━━━ Records shown
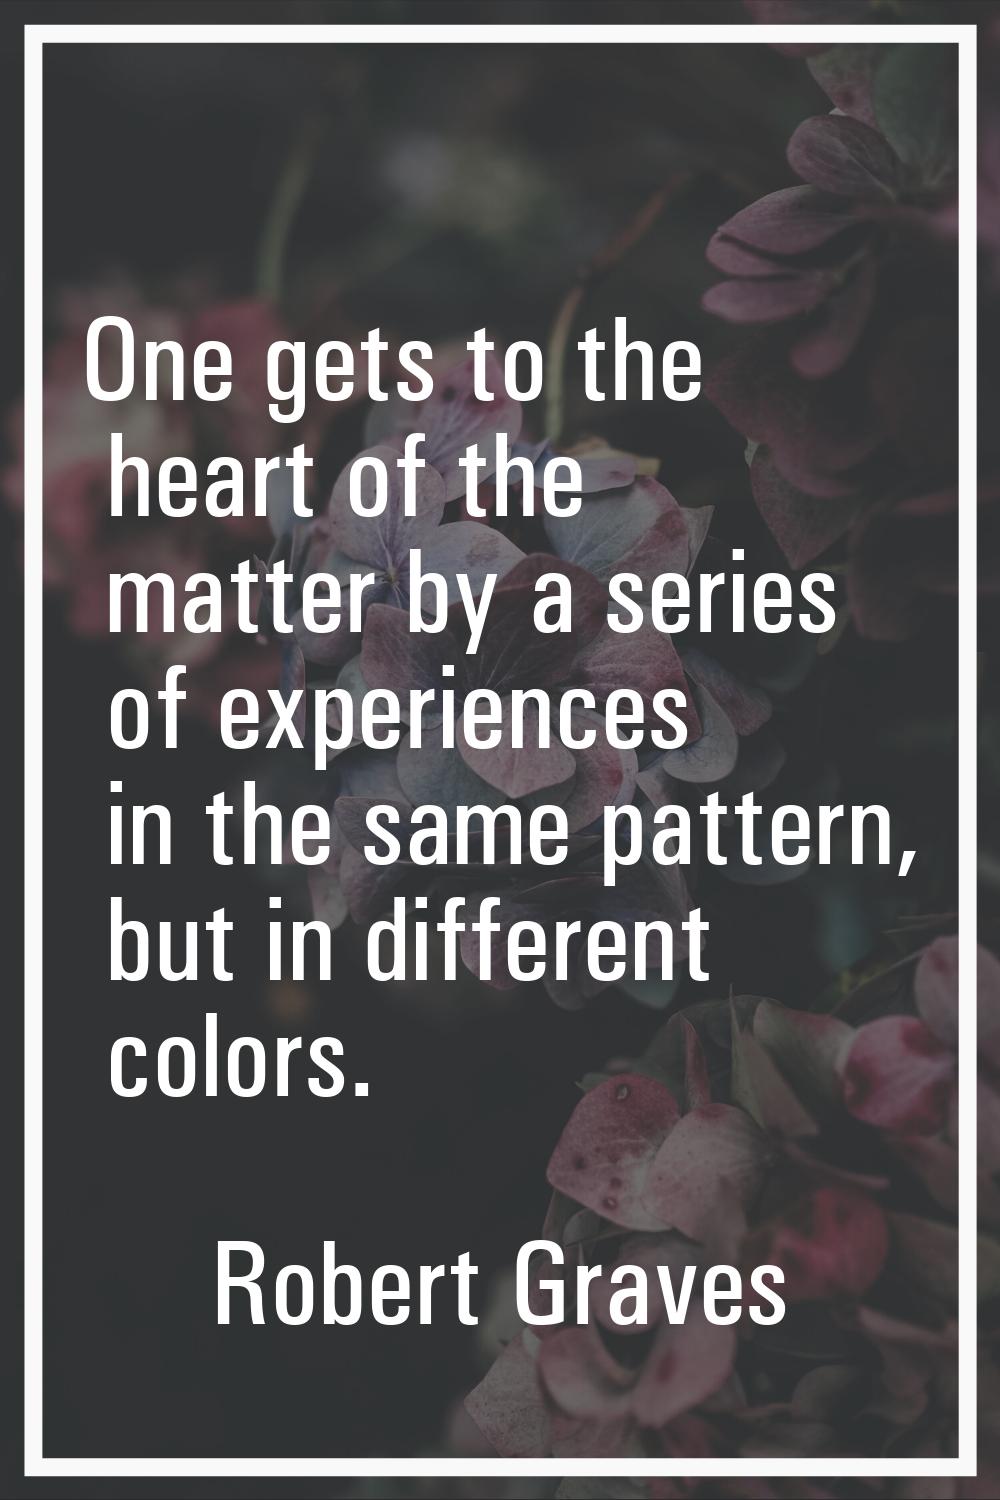 One gets to the heart of the matter by a series of experiences in the same pattern, but in differen
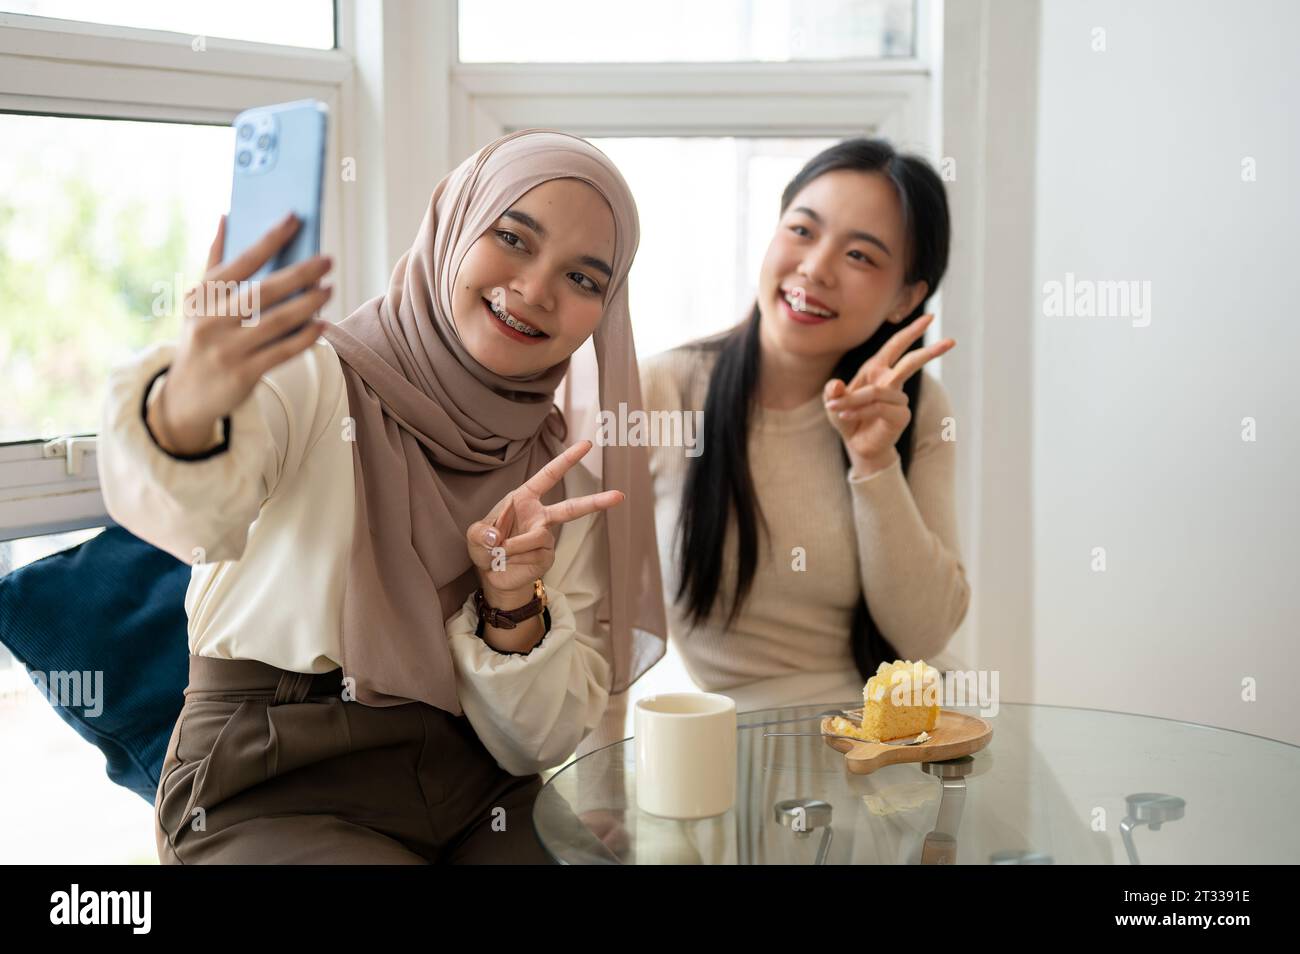 A beautiful and happy young Asian-Muslim woman is taking selfies with her friend while enjoying in a cafe. Stock Photo
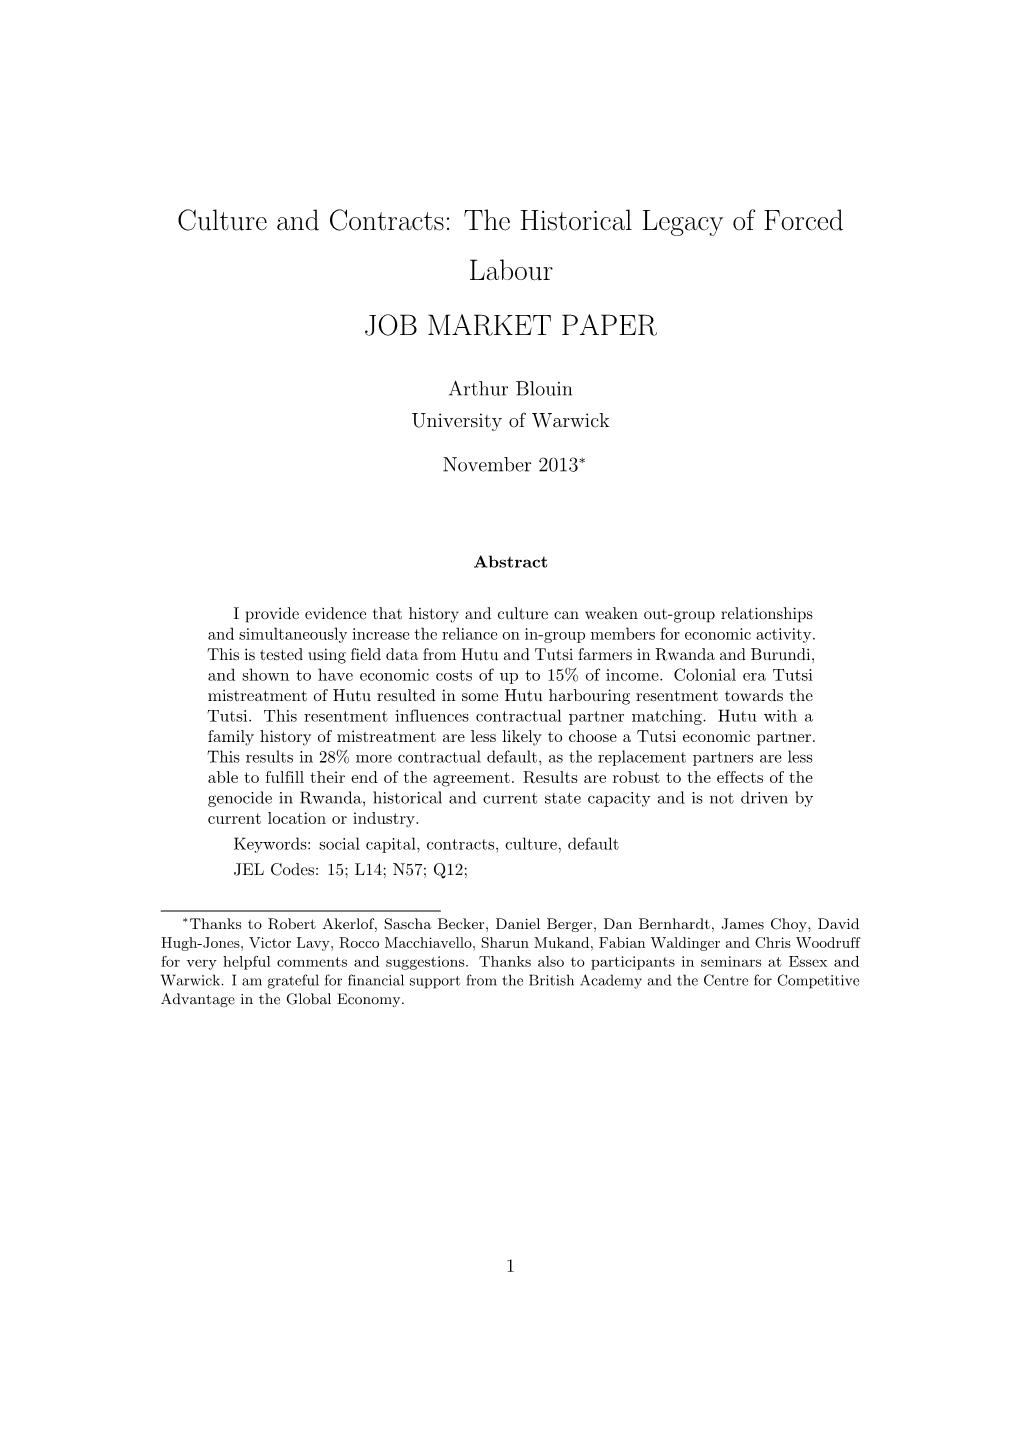 Culture and Contracts: the Historical Legacy of Forced Labour JOB MARKET PAPER
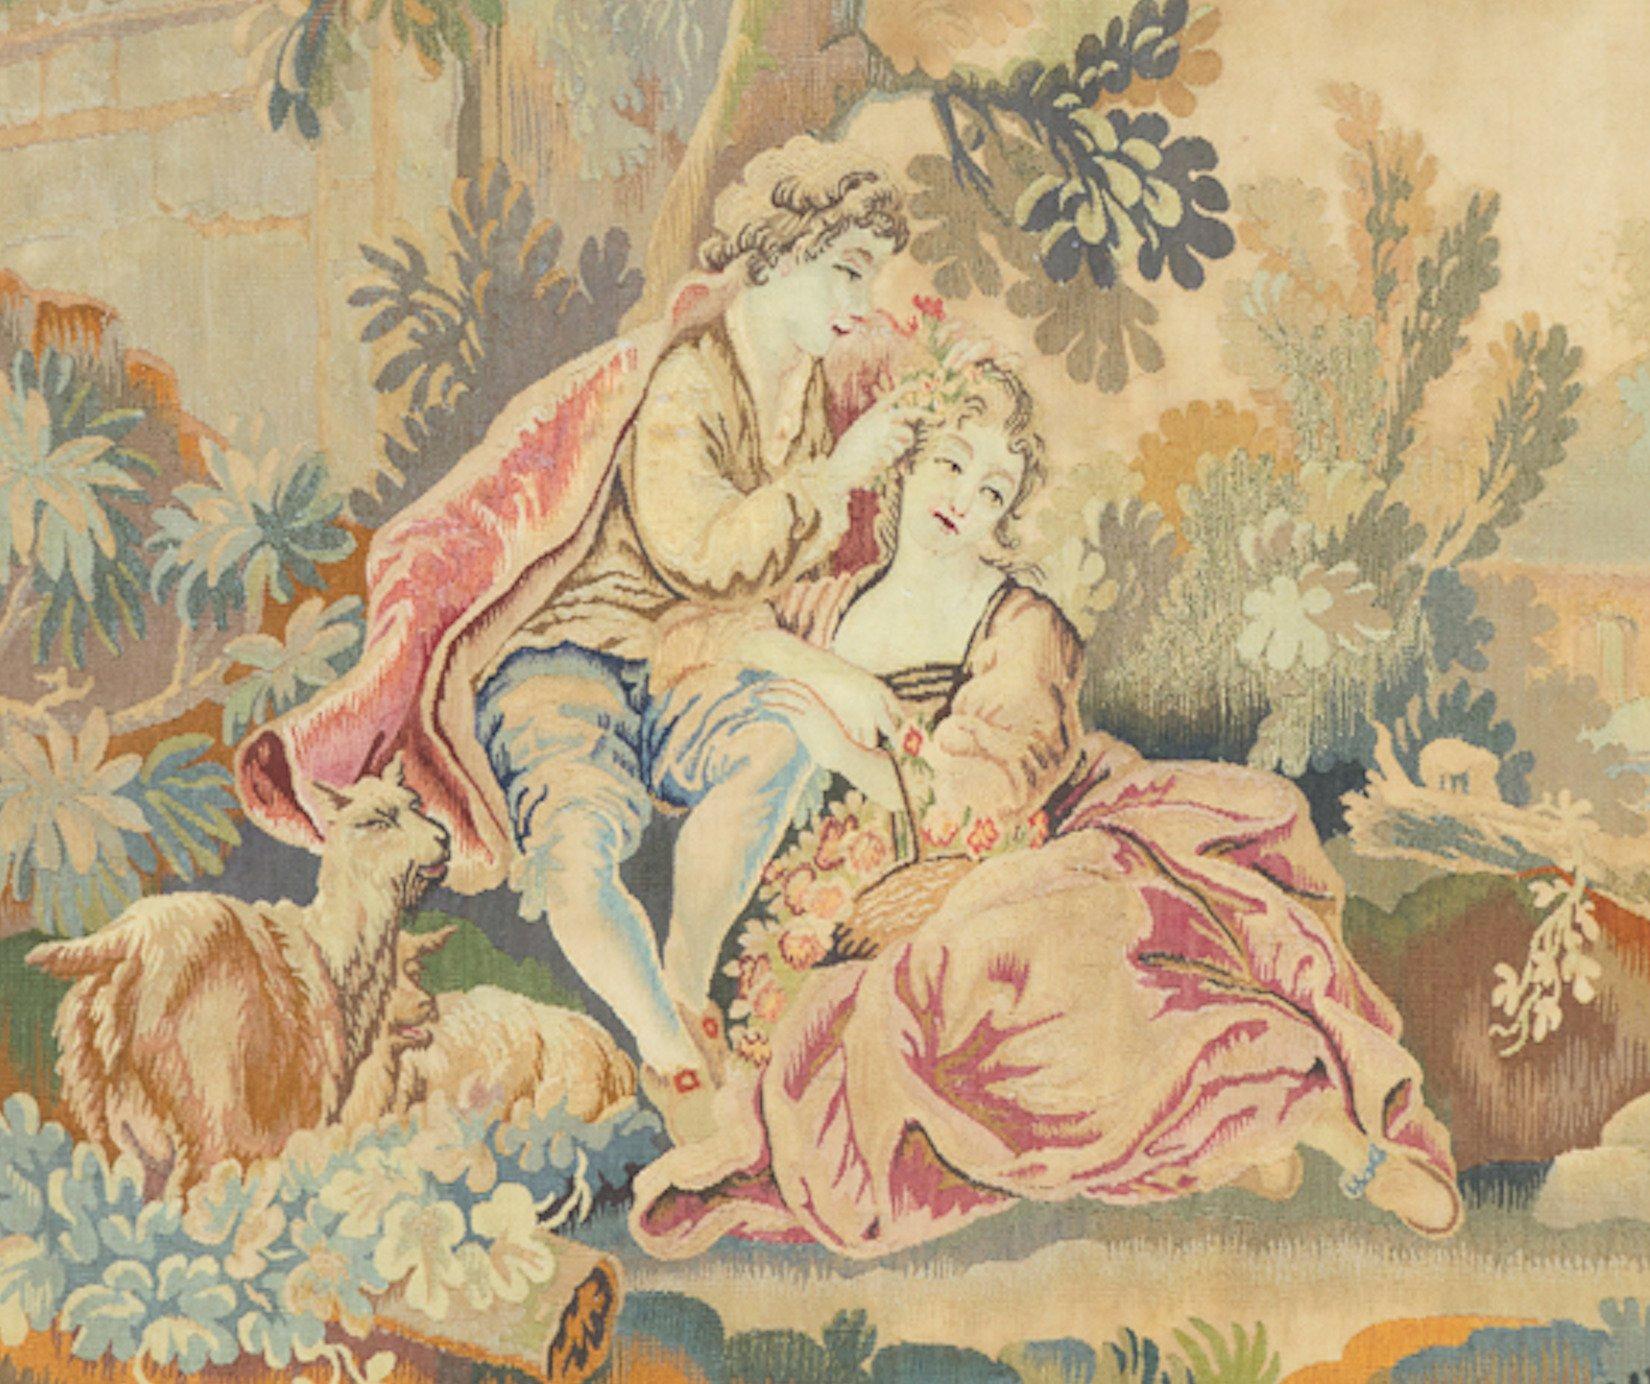 Antique 19th century French Aubusson Tapestry depicting young courtiers spending a leisurely afternoon sitting in the woods within the splendidly maintained verdant palatial grounds. It is a Classic example of the Aubusson style of the 19th century
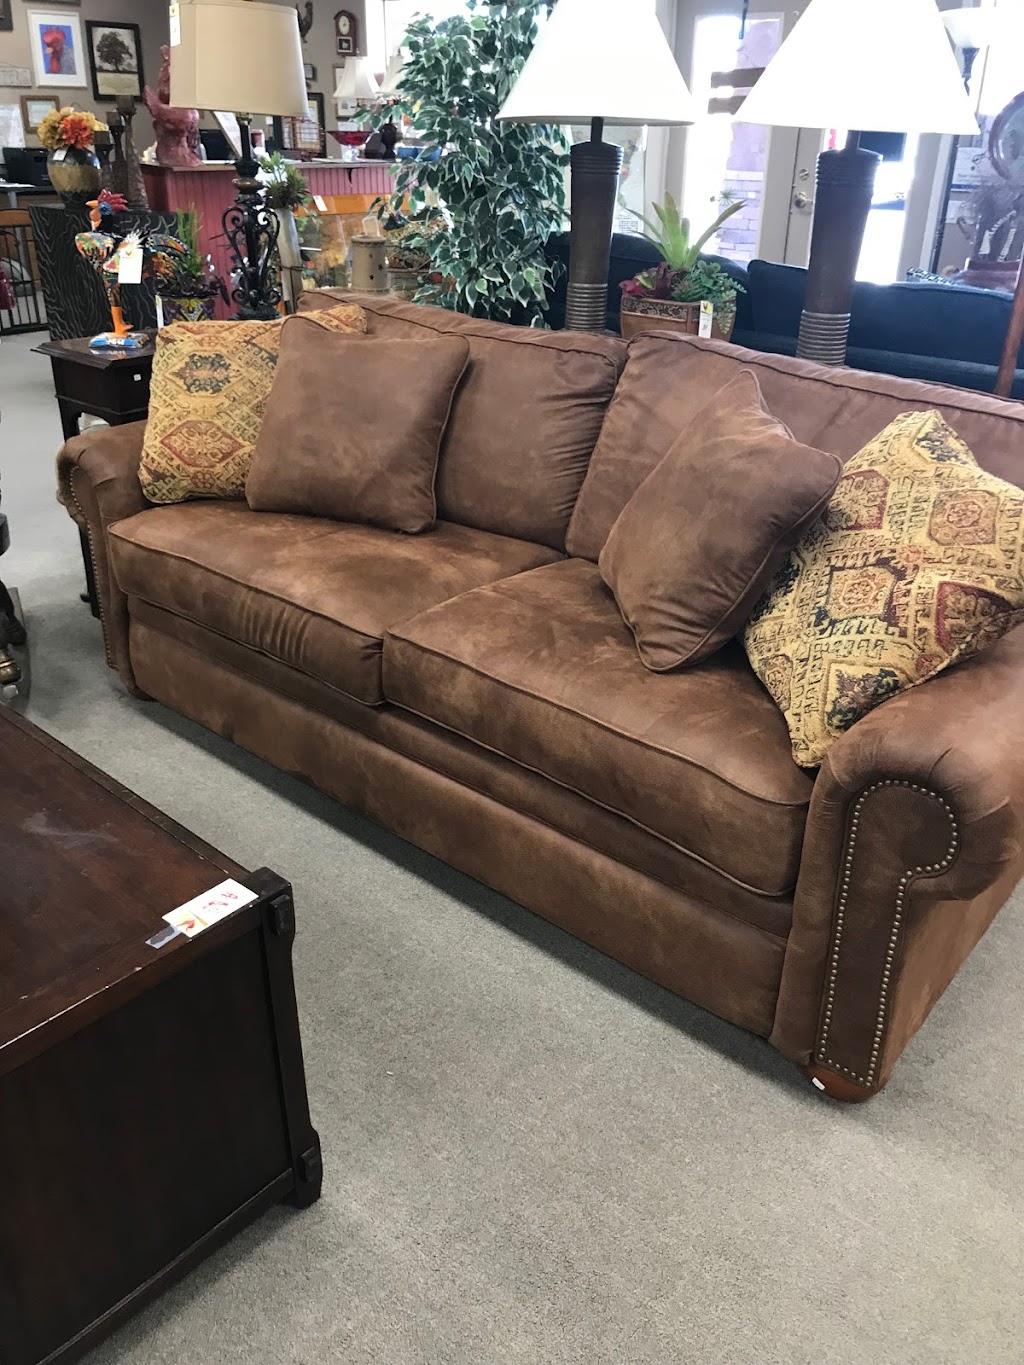 Red Rooster Consignment Furniture | Photo 1 of 10 | Address: 5959 E Southern Ave, Mesa, AZ 85206, USA | Phone: (480) 832-9404
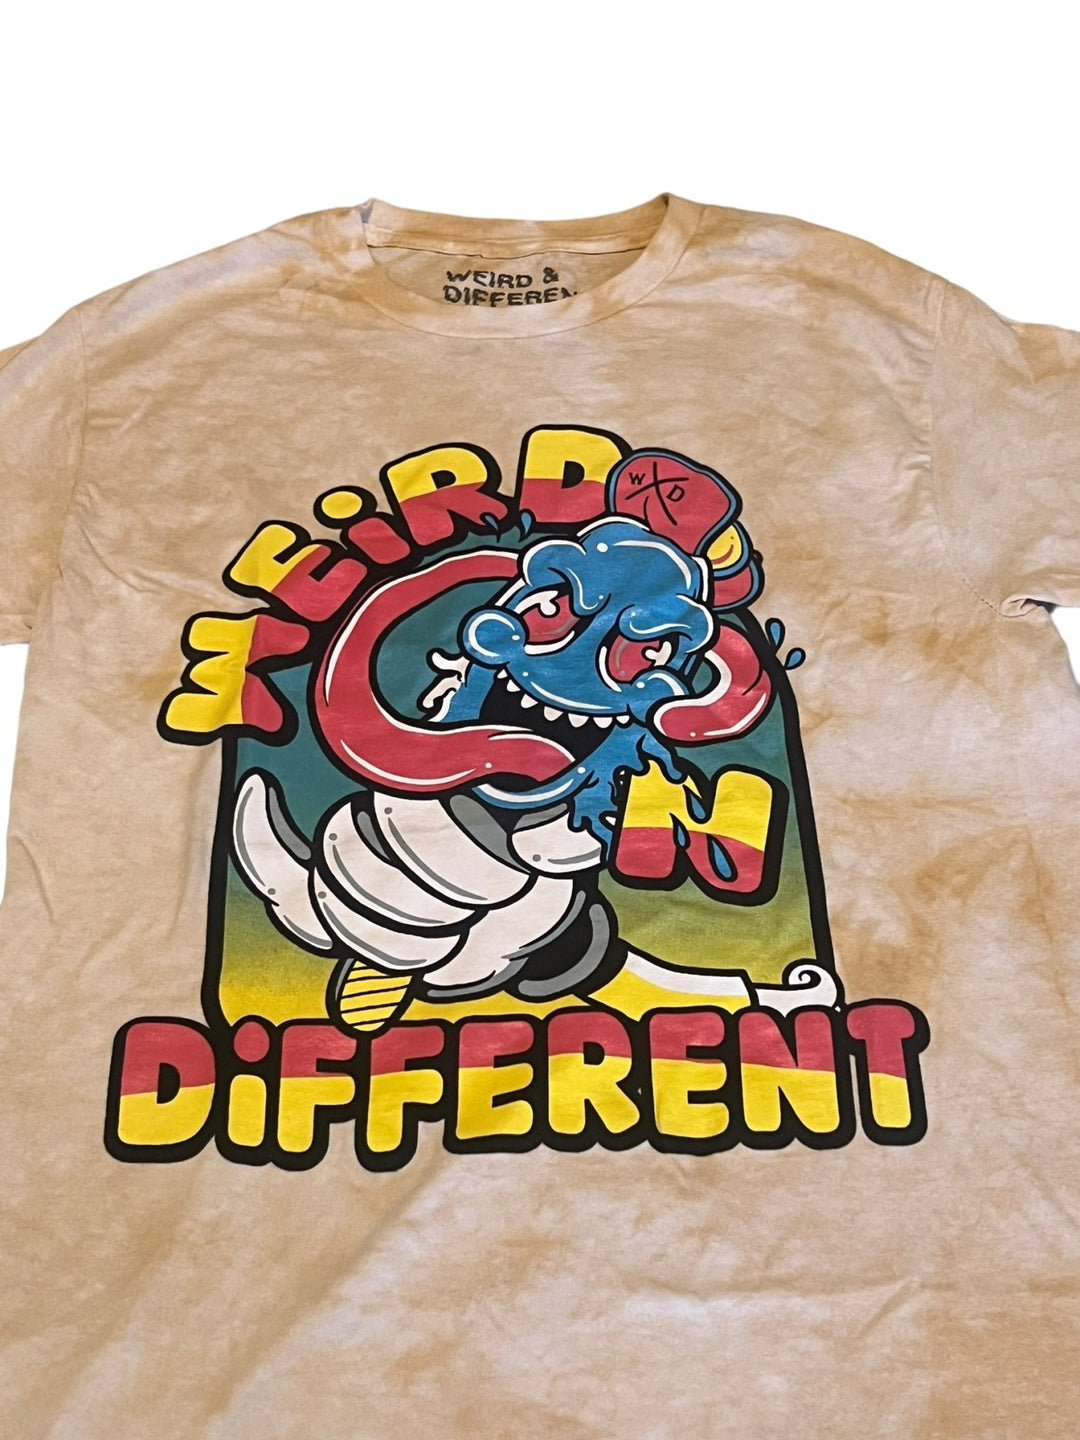 Local Menace Popsicle Tie dye tee - Weird & Different
━━━━━━
Exercise prompt: Set the lines above down again, word for word, from the first through the one containing "A beautiful and"; pictures excluded.

Reply:
 One gets to the heart of the matter by a series of experiences in the same pattern, but in differen
 A beautiful and happy young Asian-Muslim woman is taking selfies with her friend while enjoying in a cafe. Stock Photo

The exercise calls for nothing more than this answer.